Peptech and Agenix call off merger

By Renate Krelle
Wednesday, 09 June, 2004

Sydney-based Peptech (ASX:PTD) and Brisbane-based Agenix (ASX:AGX) have called off their merger, citing Peptech's inability to provide Agenix with details of possible royalties due from Johnson & Johnson subsidiary Centocor.

The merger -- touted in April -- would have created one Australia's largest biotechnology companies, with a market capitalisation of $400 million.

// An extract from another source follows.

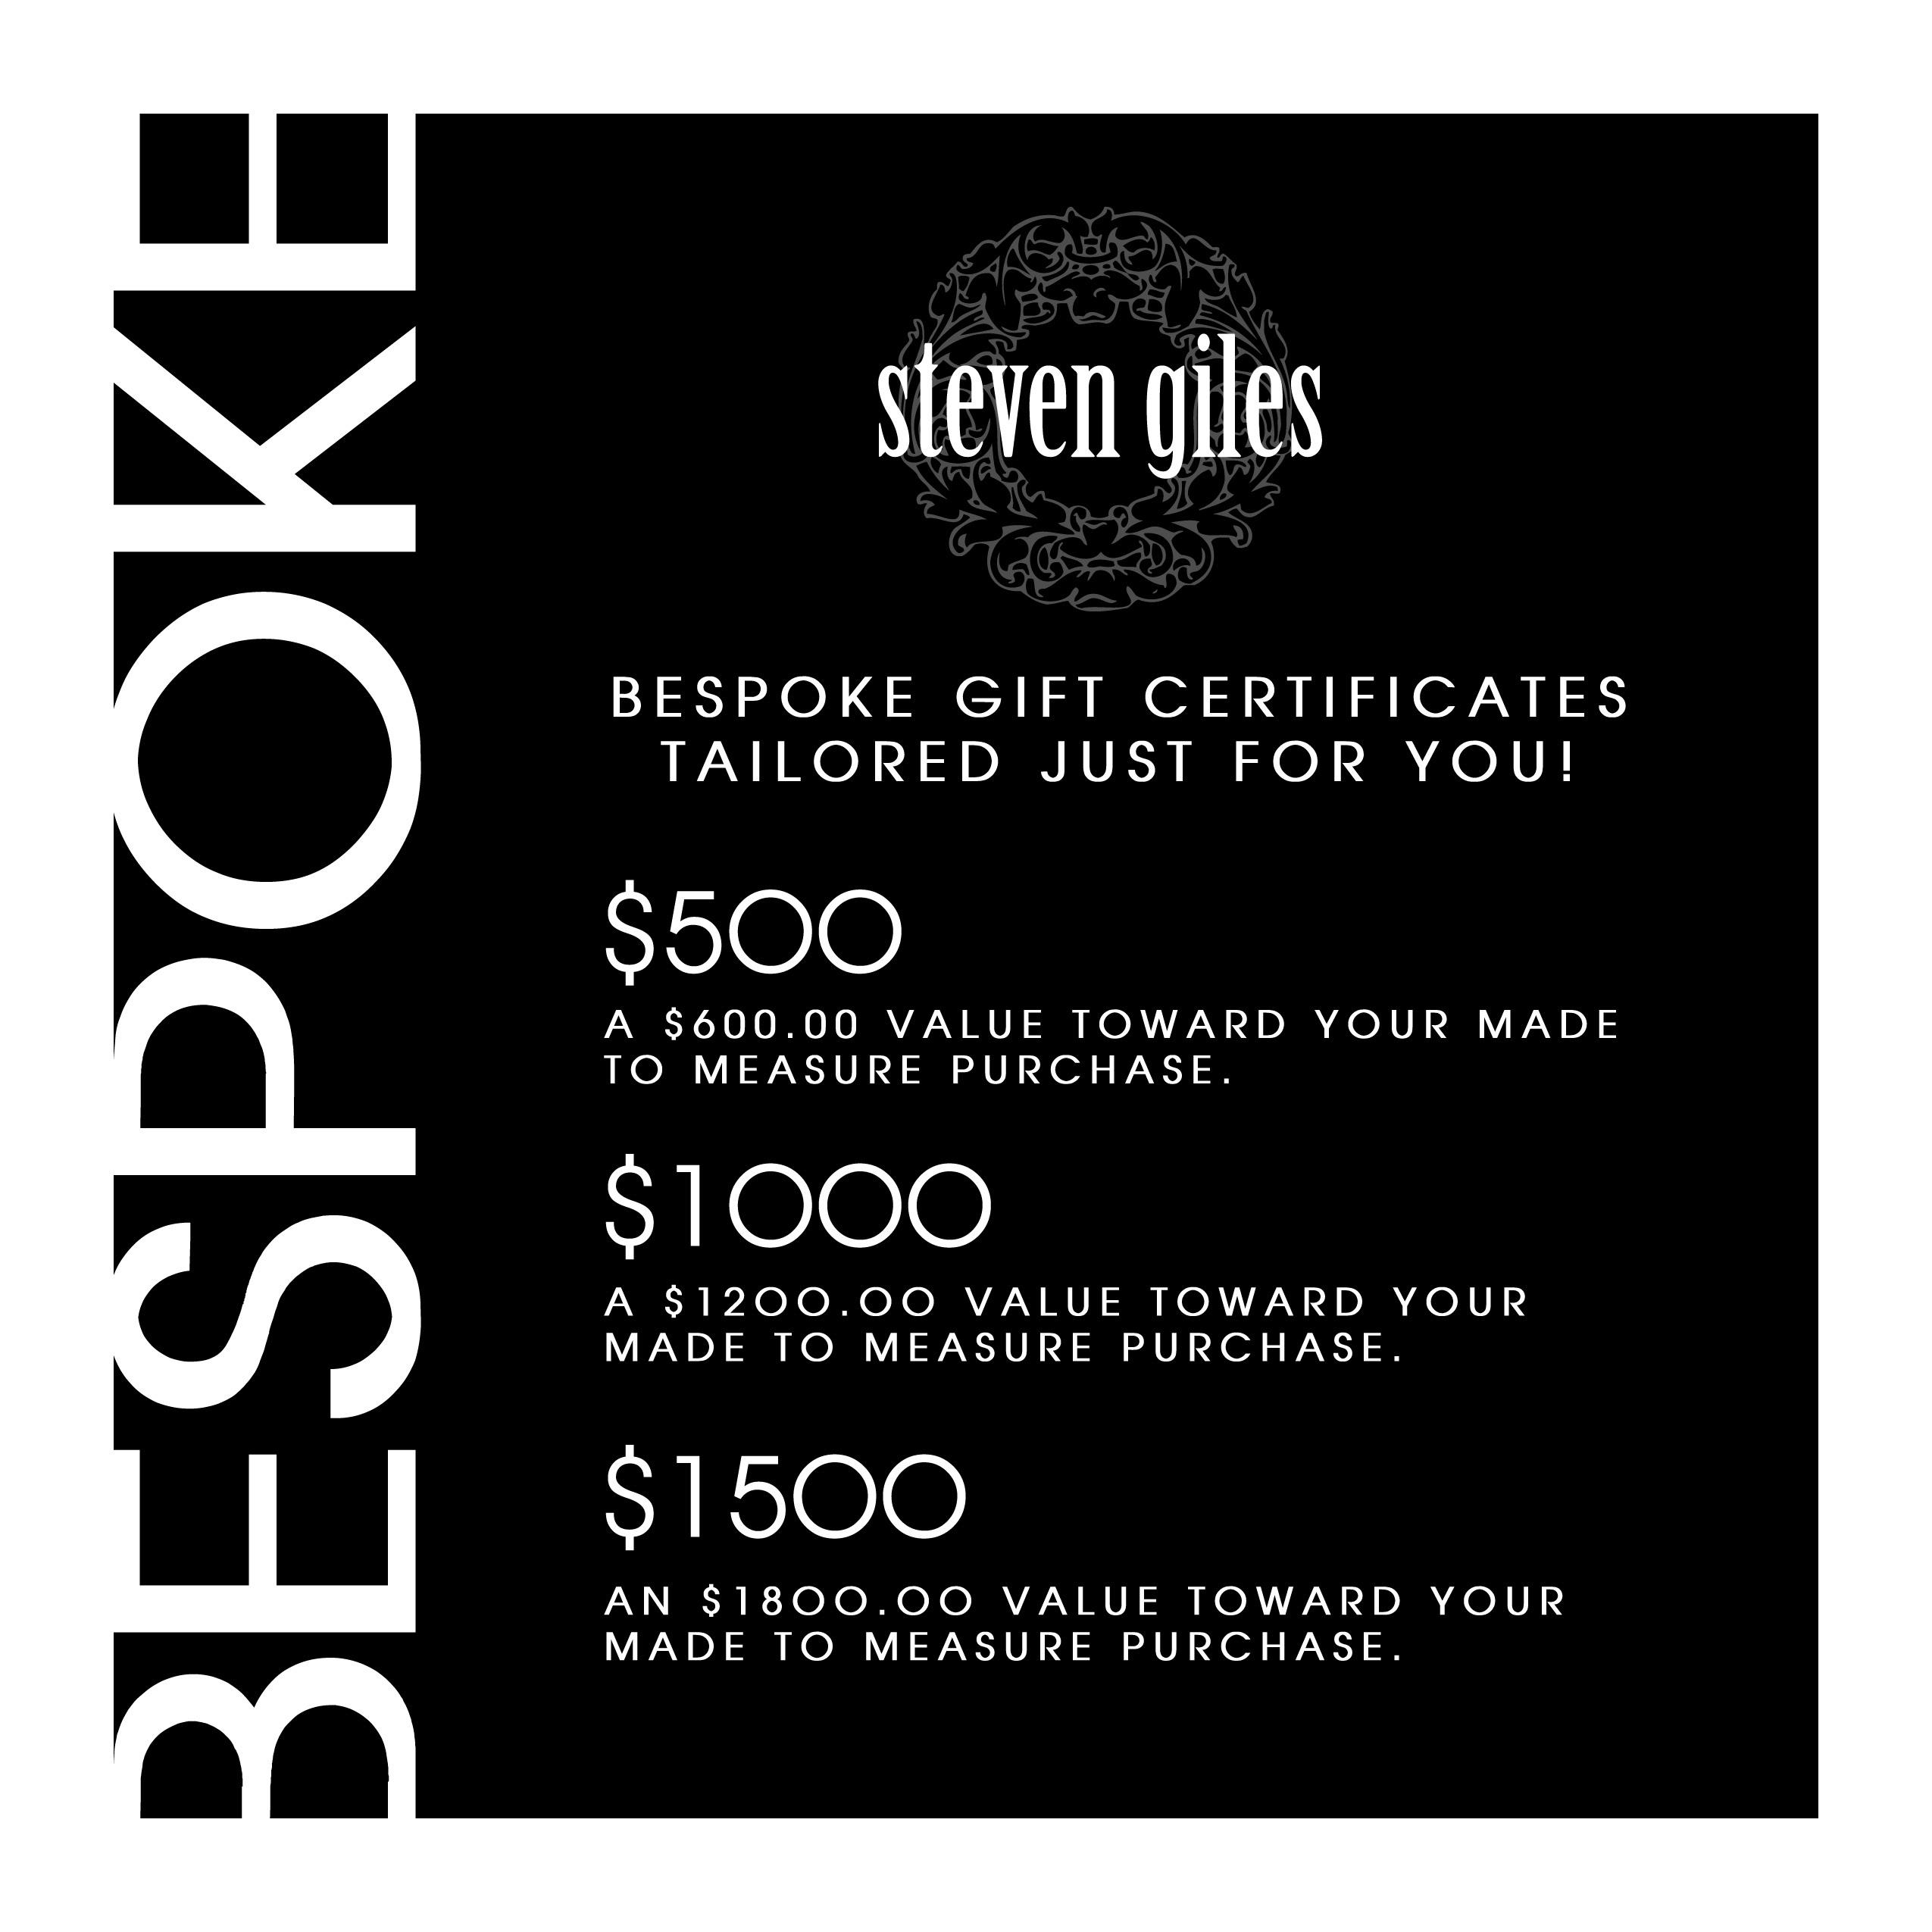 Bespoke Gift Certificates

Had the merger gone ahead, Agenix shareholders would have received seven Peptech shares for every 10 Agenix shares, based on a one-month weighted volume average share price of $1.61 and $0.90 respectively. Agenix option holders would also have been offered Peptech shares in consideration of cancellation of their options. No cash component was included in the merger.

Both Agenix managing director Don Home and Peptech chairman Mel Bridges admitted disappointment at the breakdown of the merger plans.

"Peptech has obviously made a very large deal of the [Centocor royalties] -- we were not able to look at the information," said Home.

"The biggest number in the whole transaction was the Centocor license royalties," said Bridges. "We were not able with the time constraints to disclose that information to Agenix."

"It's a shame these two guys didn't get together," said Southern Cross Equities analyst Stuart Roberts. "This is, after all, the second time around for both Peptech and Agenix -- they attempted this merger in 1999."

Mark Fordree of specialist biotechnology investment bank eG Capital noted that market reaction to the Agenix-Peptech merger may also have fuelled discontent.

"Since the merger was announced the shares in both stocks have spiralled down with no change in the fundamentals," he said. "With the share prices falling, it's difficult for either board to recommend it to shareholders and also given the time frames involved. A big part of the valuation of Peptech is the arbitration with Centocor. It's been very difficult for Agenix to get a handle on the appropriate valuation."

Centocor is refusing to pay Peptech royalties on patents which underpin Centocor's US$2 billion a year anti-TNF rheumatoid-arthritis therapy, Remicade. The dispute is currently in arbitration in the US.

"We don't expect the decision from arbitration to be handed down until the end of 2004," said Bridges.

Biotech investment newsletter Bioshares has estimated that a settlement with Centocor would result in royalty back-payments of at least AUD$80 million to Peptech, plus ongoing, rising royalties of $50 million a year.

Cards on the table

When the merger was announced, Agenix promoted its management, scientific and product development expertise and infrastructure. As the larger partner, Peptech was to bring to the table financial strength, intellectual property and access to domain antibody technology, through its 36 per cent investment in UK biotech Domantis.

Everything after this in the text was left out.